@forwardadam Bankside? 2010/01/10

Archive for November, 2009

Joanna and The Wall

I’m on Day 4 of my 5 day weekend. Its been dramatic, but life always is.

I visited University of Birmingham on Wednesday. As it stands, Birmingham or Sheffield will be insurance and my firm will be York or LSE, if I get that lucky. The city of Birmingham doesn’t have that great a reputation, but I know the centre of it well and it’s probably my favourite shopping destination in England. So that really wasn’t a problem. But living there is a different kettle of fish, but then again, you’re talking to someone who wants to live in London.

First impressions of the university weren’t great. One thing I learned is I’m really not a fan of “red-brick” architecture. I suppose seeing the Bristol University buildings from a young age and visiting Oxford, Exeter, LSE and UCL prior to Birmingham, aesthetically it couldn’t win. It didn’t help that it was a dull rainy day either. The accommodation they showed was lovely, but cynically, they were going to show the best one. It was in their student village The Vale, where they have a social space The Hub, which again, was modern and lovely. Although I’m sure the price wasn’t.

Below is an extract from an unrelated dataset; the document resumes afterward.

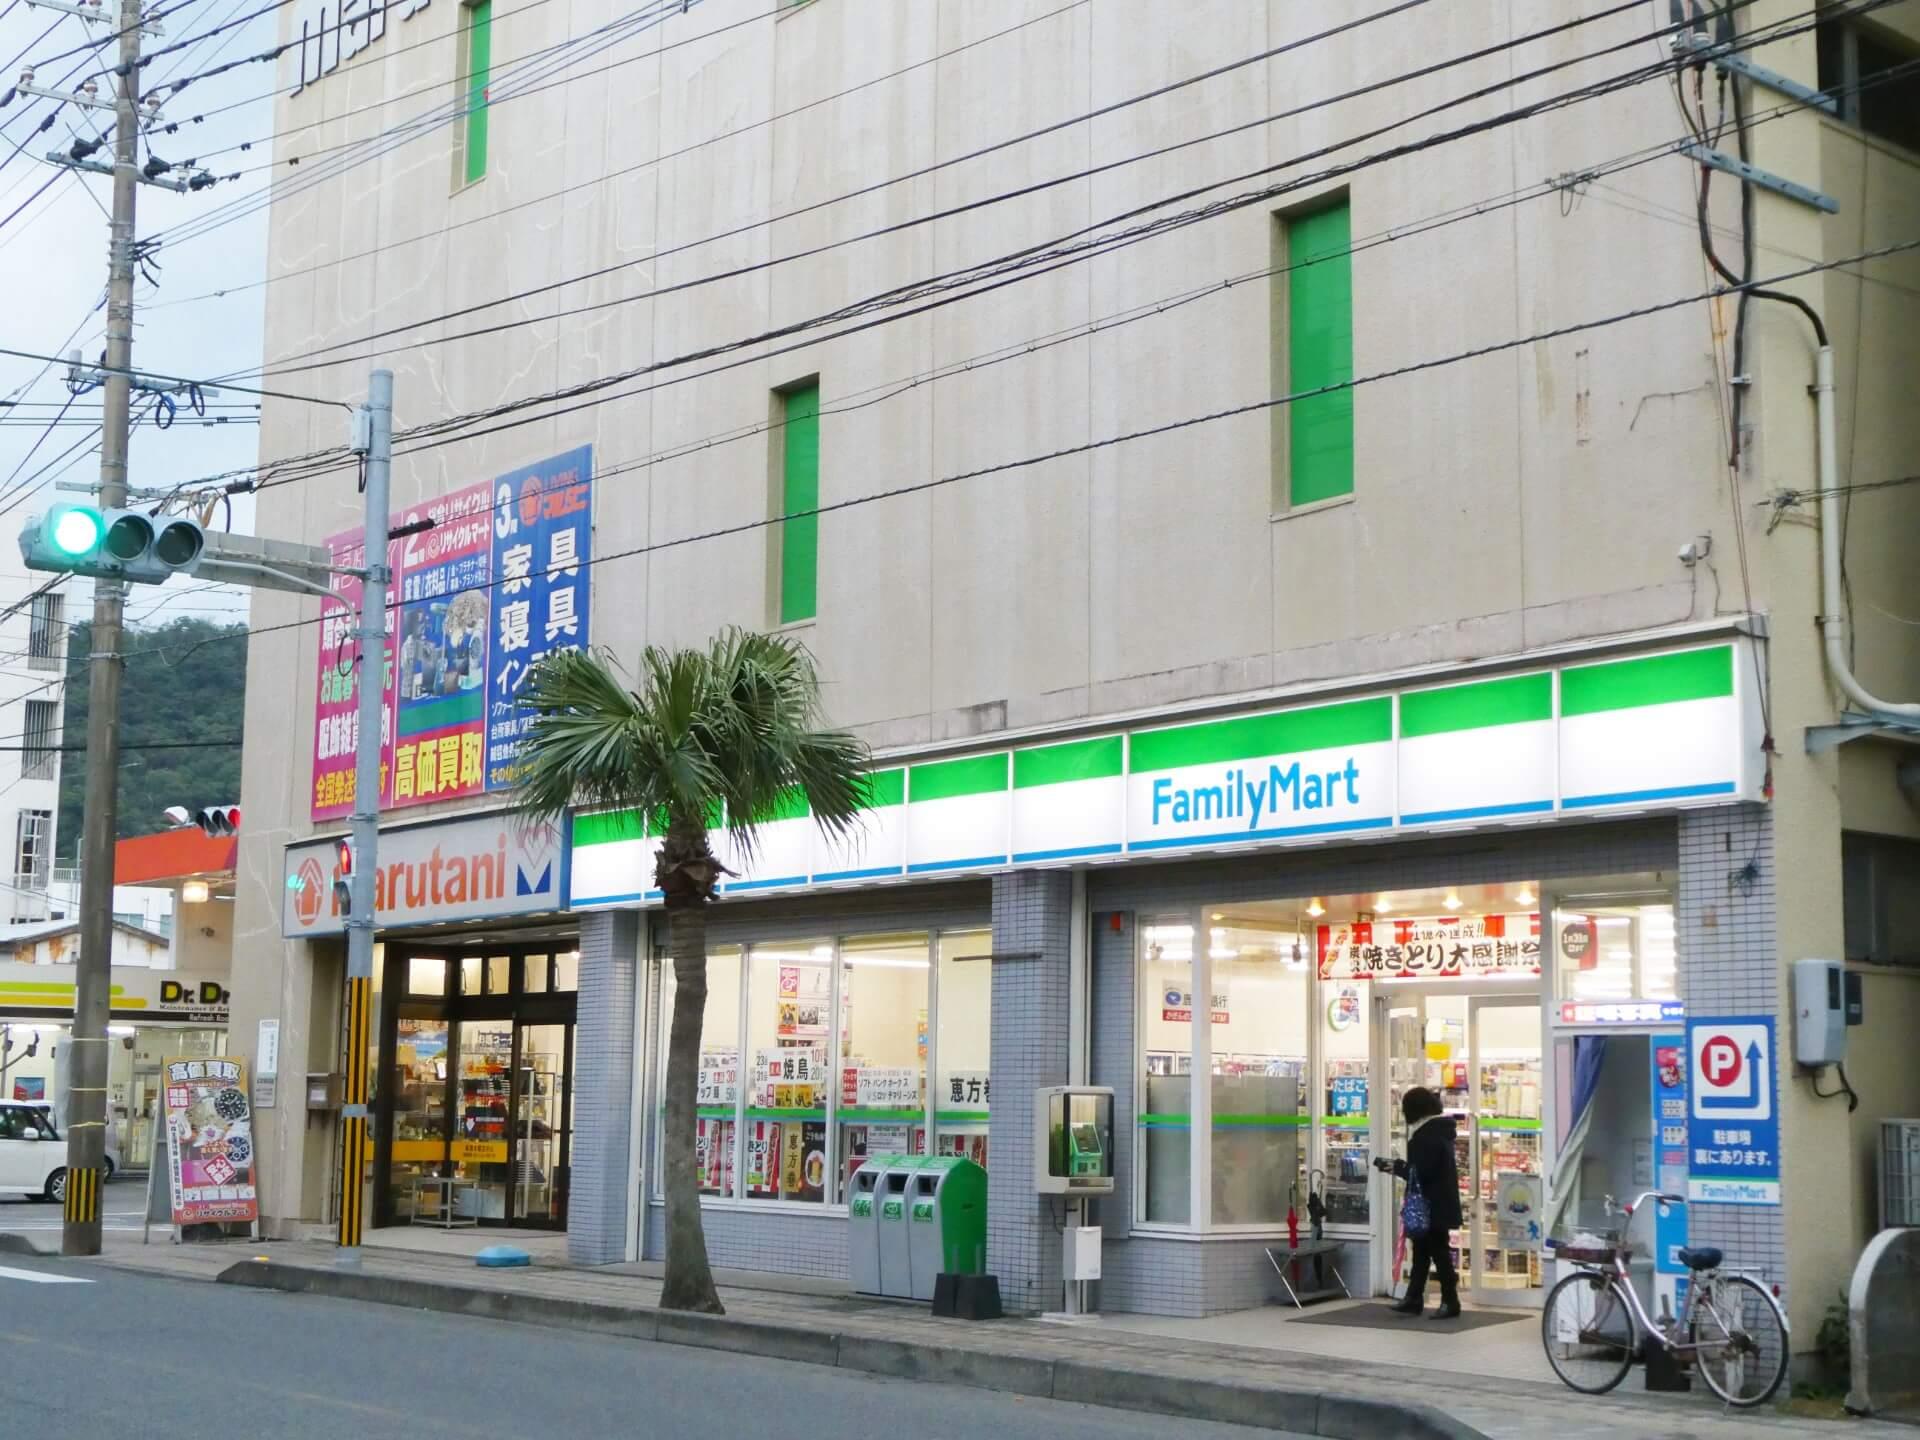 ファミリーマート名瀬港町店外観写真P1030071

And from the edge of campus, you can see the village of Selly Oak where most of the second/third years live, which again looked really nice. It’s always nice to know you’re not going to be forced to live in the rough side of town with a long commute.

Anyway, after being a bit uneasy about it all, I visited the Politics department which was just stunning. It’s in Muirhead Tower, which was recently refurbished and has…A STARBUCKS ON THE GROUND FLOOR. Well, walking out of a lecture and straight into the arms of a White Chocolate Mocha would do it for me. The course was bothering me a bit, because of the restriction of modules in the first year. Turns out, if you don’t like the course choices in your first year just do the first year of a different course, and then change next year. It’s a bit of a silly system, but I would probably switch to International Politics with Economics so I could do some more macroeconomics in the first year. It also seemed a much more personal environment - as in the lecturers/teachers were there to actually help you, and there’s always support when you need it. I feel the higher up the tables you go, the less the teachers care about you, and more about their research. My Dad recalled his lecturing days and said “it’s impossible to balance the two equally. The majority of researchers aren’t good teachers and vice versa.” And my main fear about LSE is just that; it would be too impersonal. But then again, LSE is in an entirely different league to all the other universities I’ve applied to.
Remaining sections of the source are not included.